L'attractivité de la France pour les investisseurs étrangers confortée en 2022

  • Ces décisions d'investir ont permis la création ou le maintien de 58 810 emplois, un chiffre en hausse de 31% sur un an si l'on tient compte tient compte des CDI intérimaires, principalement créés par les sociétés Manpower et Randstad
  • Bruno Le Maire a lui salué dans un communiqué «la constance de nos alliés et amis américains, allemands et britanniques dans leurs choix d'investissement, traduisant ainsi leur confiance dans la capacité d'innovation et de création de la France»

PARIS: La France a attiré en 2022 un nombre record de projets d'investissements étrangers et d'emplois associés, ce qui montre selon le directeur Business France Laurent Saint-Martin la résilience de l'économie nationale dans un contexte difficile.

Le nombre de ces projets dans lesquels la part des capitaux étrangers est majoritaire s'est élevé à 1 725, soit 7% en plus par rapport à 2021, qui était déjà un plus haut historique, a rapporté l'agence chargée de promouvoir le site France auprès des investisseurs étrangers.

Ces décisions d'investir ont permis la création ou le maintien de 58 810 emplois, un chiffre en hausse de 31% sur un an si l'on tient compte tient compte des CDI intérimaires, principalement créés par les sociétés Manpower et Randstad.

"Hors CDI intérimaires, les emplois induits ont augmenté de 7% en 2022", précise dans son communiqué Business France, qui ne recense pas les montants investis pas toujours communiqués par les entreprises.

"C'est très positif, parce qu'il y avait une inconnue sur l'année 2022 avec tous les soubresauts que l'économie mondiale a connus", a déclaré le directeur Business France Laurent Saint-Martin. D'après lui, "ces bons résultats viennent récompenser une cohérence d'ensemble sur l'attractivité du pays".
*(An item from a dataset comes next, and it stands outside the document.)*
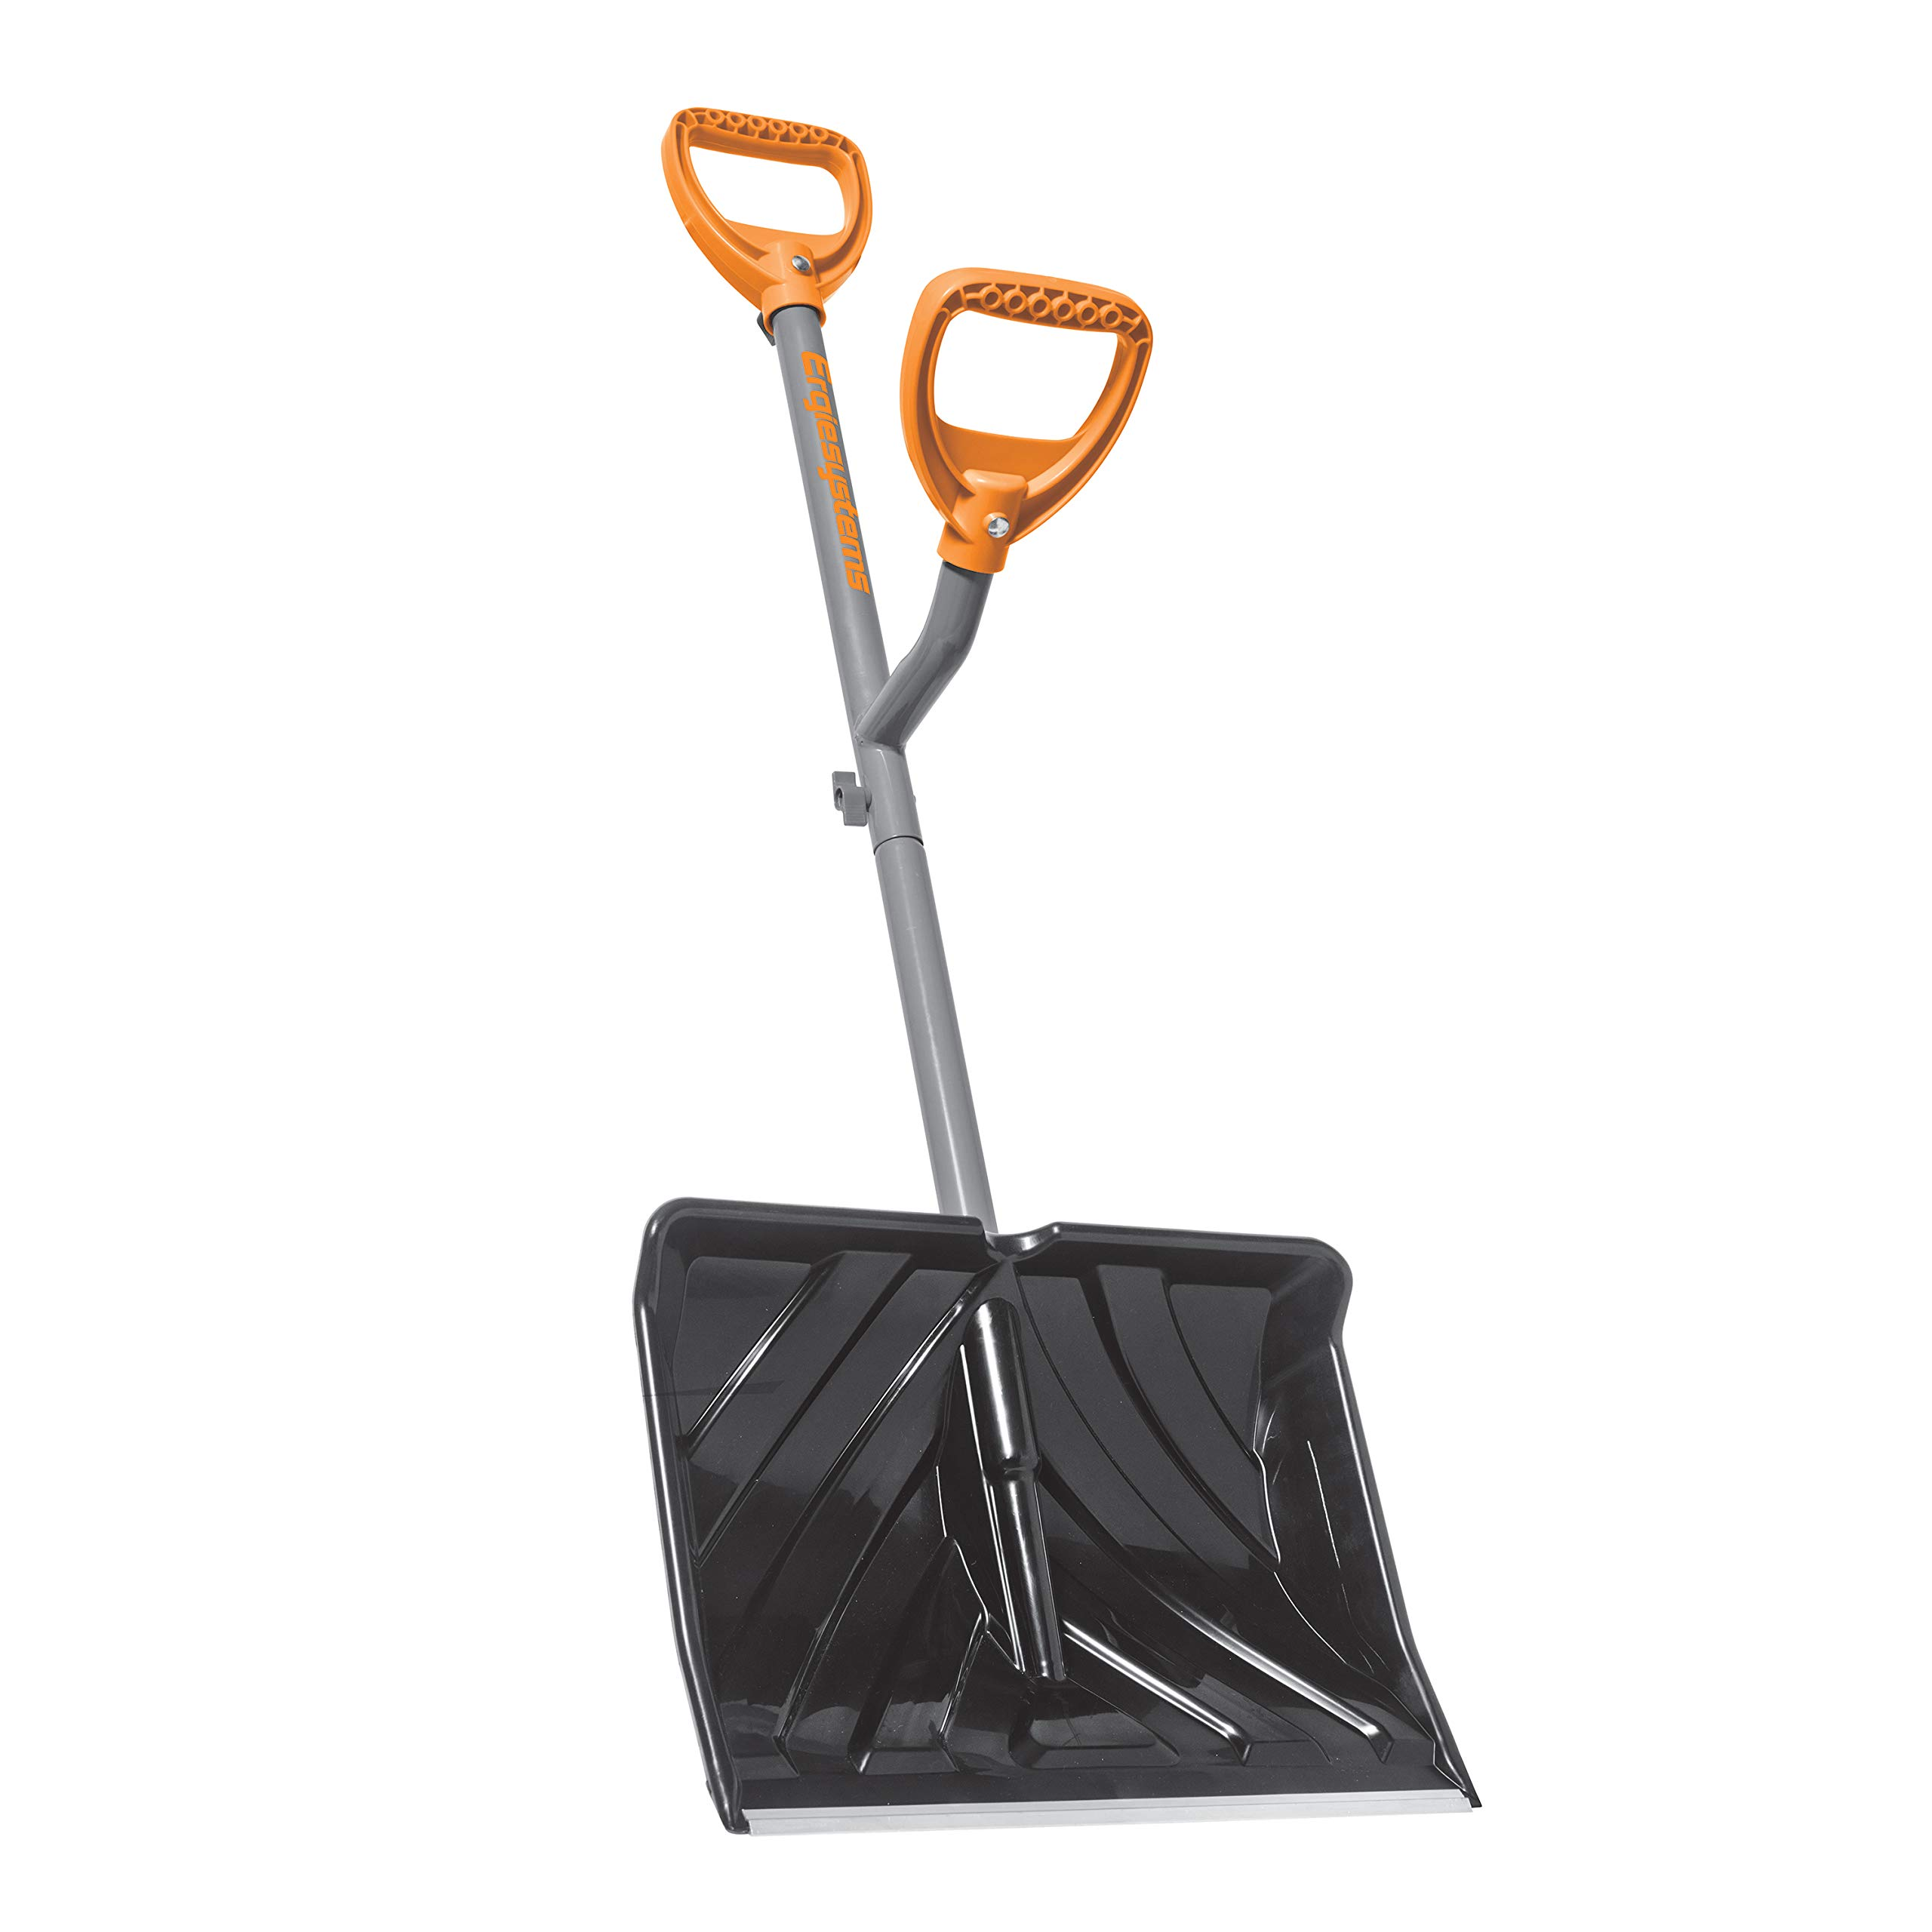 ERGIESHOVEL ERG-SNSH18 18-Inch Impact Resistant Blade Push/Scoop Combination Snow Shovel, Orange by ERGIESHOVEL

Si les années précédentes avaient montré que les réformes fiscales et du marché du travail avaient permis d'attirer plus d'investisseurs, "on ne savait pas encore comment la France était perçue au milieu des tempêtes", a observé le directeur de Business France dans une allusion à la crise sanitaire et aux conséquences économiques de la guerre en Ukraine.

Dans un tweet, le président de la République Emmanuel Macron a lui aussi salué cette "année record", se félicitant que "la France attire plus que jamais et crée des emplois". "La politique conduite depuis 6 ans porte ses fruits !".

Inflation plus faible 

Se félicitant aussi "d'excellents chiffres", le ministre de l’Économie Bruno Le Maire a lui salué dans un communiqué "la constance de nos alliés et amis américains, allemands et britanniques dans leurs choix d'investissement, traduisant ainsi leur confiance dans la capacité d'innovation et de création de la France"

Les Etats-Unis ont en effet repris l'an dernier la tête du classement, avec 280 projets, devant l'Allemagne (256). Et les investisseurs américains sont de loin en tête en nombre d'emplois maintenus ou créées, avec 29% du total contre seulement 12% pour les projets allemands.

Les créations d'établissements comptent pour la moitié des projets d'investissement mais seulement pour 29% des emplois créés, tandis que les extensions de sites existants représentent 46% des projets mais les deux tiers des emplois, le reste étant constitué par des reprises de sociétés par des investisseurs étrangers.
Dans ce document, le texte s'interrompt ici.